With standardized tests, unfortunately kids have to drill, drill and drill. It kills curiosity, interest and free will to learn new things. It focusses on the mistakes and how to correct them to pass, instead of opening young minds to explore the world. Our only duty there is to give out and correct those tests so it is not much to do with guiding students and teaching them 21st century skills to survive.
Luckily, there are good tools to make our life easier when it comes to correcting. You only need your smart phone to be focussed on the test and it tells you the results immediately. Download ZipGrade application on your mobile phone and save some time to have social life and a coffee with friends.
Although, in this post you will find ideas how to prepare informal assessment, that is beneficial for you and you class as well.
I’m sure, we are all familiar with rubrics but in case you need some help with it, there’s one of my last one, I used for the theme “How the world works”.
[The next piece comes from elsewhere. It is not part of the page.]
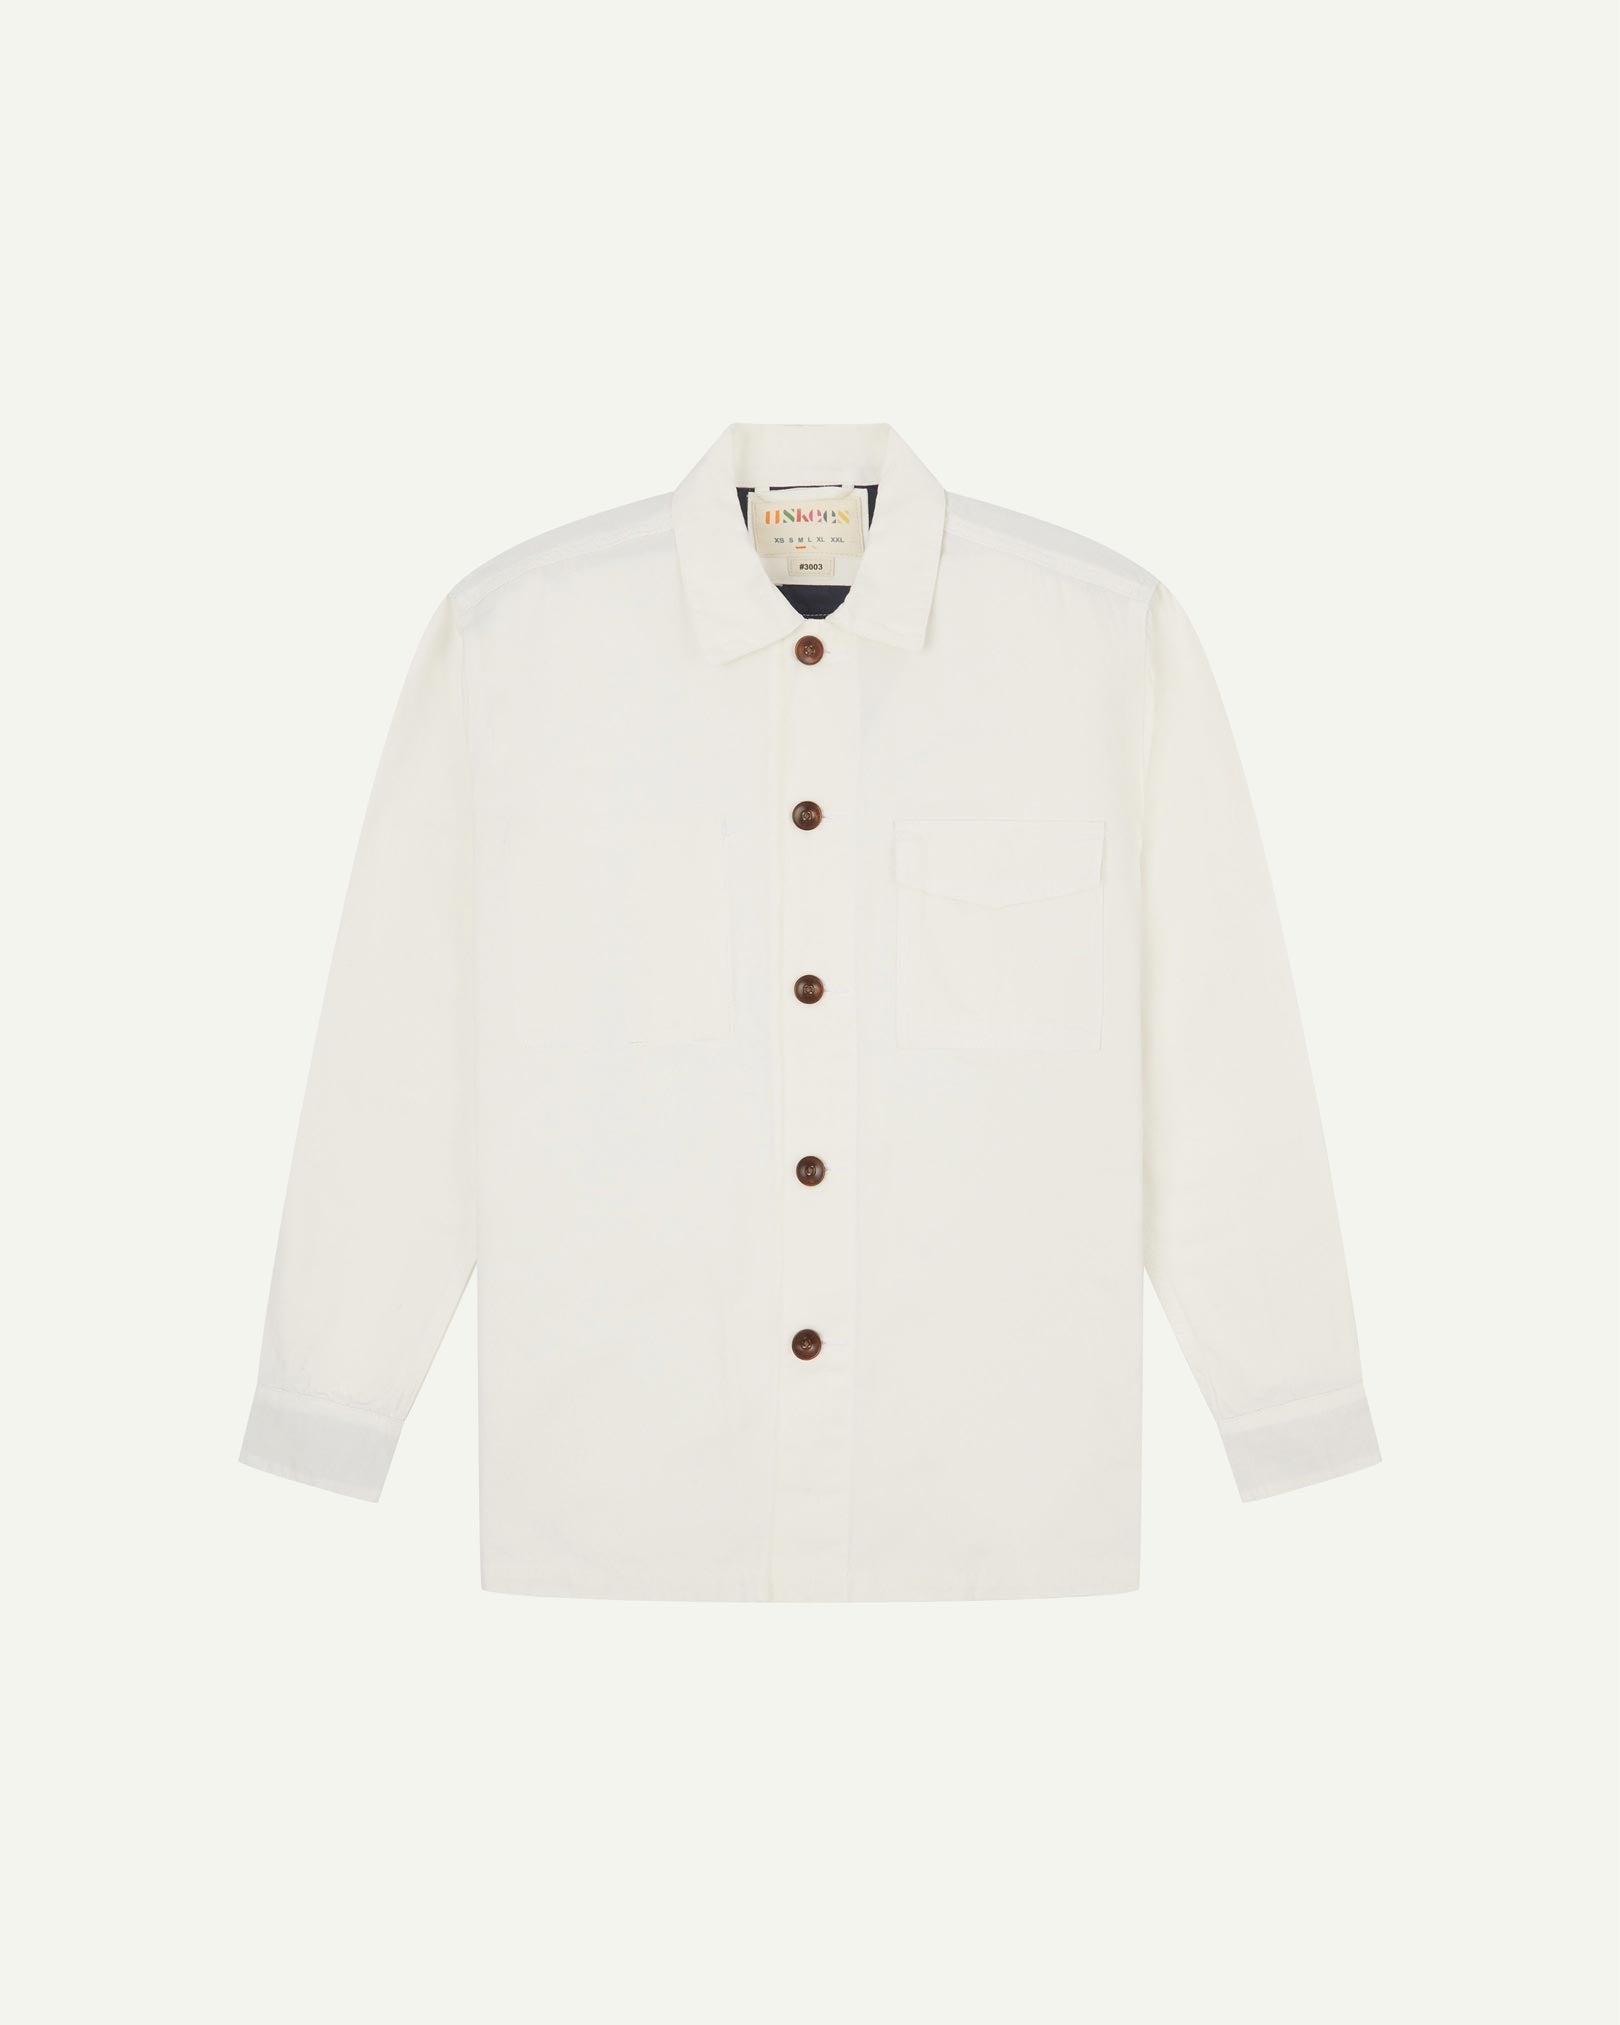 Cream buttoned organic cotton workshirt from Uskees with clear view of chest pocket and Uskees branding label.

I give students quite a lot of freedom to explore, investigate, prepare experiments, take action, invent or create something new and useful. Then they explain the science behind it, their feelings, thoughts or new knowledge they have learnt.
To do it so, some way I needed to provide them with guidelines, bullet points, checklists, they ought to follow or prepare and give out relevant rubrics for each students. They like having this “aid” with them and I’m pleased to give them so. Rubrics work perfectly in my class. It is a great tool for self-assessment before they turn their work in as well.
If your students frequently use rubrics, and they know what they look for, you can try to get them make their own rubrics. Have a quick brainstorm about it beforehand, then let them discuss their ideas in little groups and finally do it as a whole class activity.
Diagnostic or pre-assessment:
Diagnostic or pre-assessment ideas for the beginning of the class or at the beginning of a unit. That shows us students’ prior knowledge on the topic. It is very useful every time when we start a new unit, new vocabulary, a new concept or grammar.
The easiest thing is to check on vocabulary. With the smallest kids we can use interactive things like:
Could you give me a blue/green/red… crayon/pen/paper…, please?
Or point to the ceiling, door, table… etc…
With older students who are able to read and write, use a thinking routine chart about the topic of the lesson something like this: (Before, after)
I know… I have learnt…
Another strategy, I use is the Carousel Strategy. We can use it with more advanced students. Be prepared for a noisy ten minutes. Put topic related questions on pieces of paper around the classroom. Arrange students into pairs or small groups of 3 or 4 to go to different stations where they can discuss questions together, give opinions and finally write their answers on post-its. When they finished with one, they go to the next station and discuss the question that is written there. Teachers just walk around and listen to their conversations, arguments and thoughts. For some children, it is easier to talk only with their peers and not in front of the whole class and teacher. So sometimes you could be surprised how much they can talk if they are not in a stressful situation when all eyes are on them. It could an excellent feedback for teachers about knowledge and some skills too.
Students also like completing mind maps or concept maps, we can use with vocabulary or concept teaching.
I use this strategy with pre-intermediate students giving them a couple of minutes to think about as many things as they can about the topic.
Then we check their answers by putting the name of the main topic in the middle of the board and write words or sentences around it. Whatever ideas the students come up with.
During completing this “so called” collective mind map on the board, we basically assess students’ general, previous knowledge so we know where to start the lesson.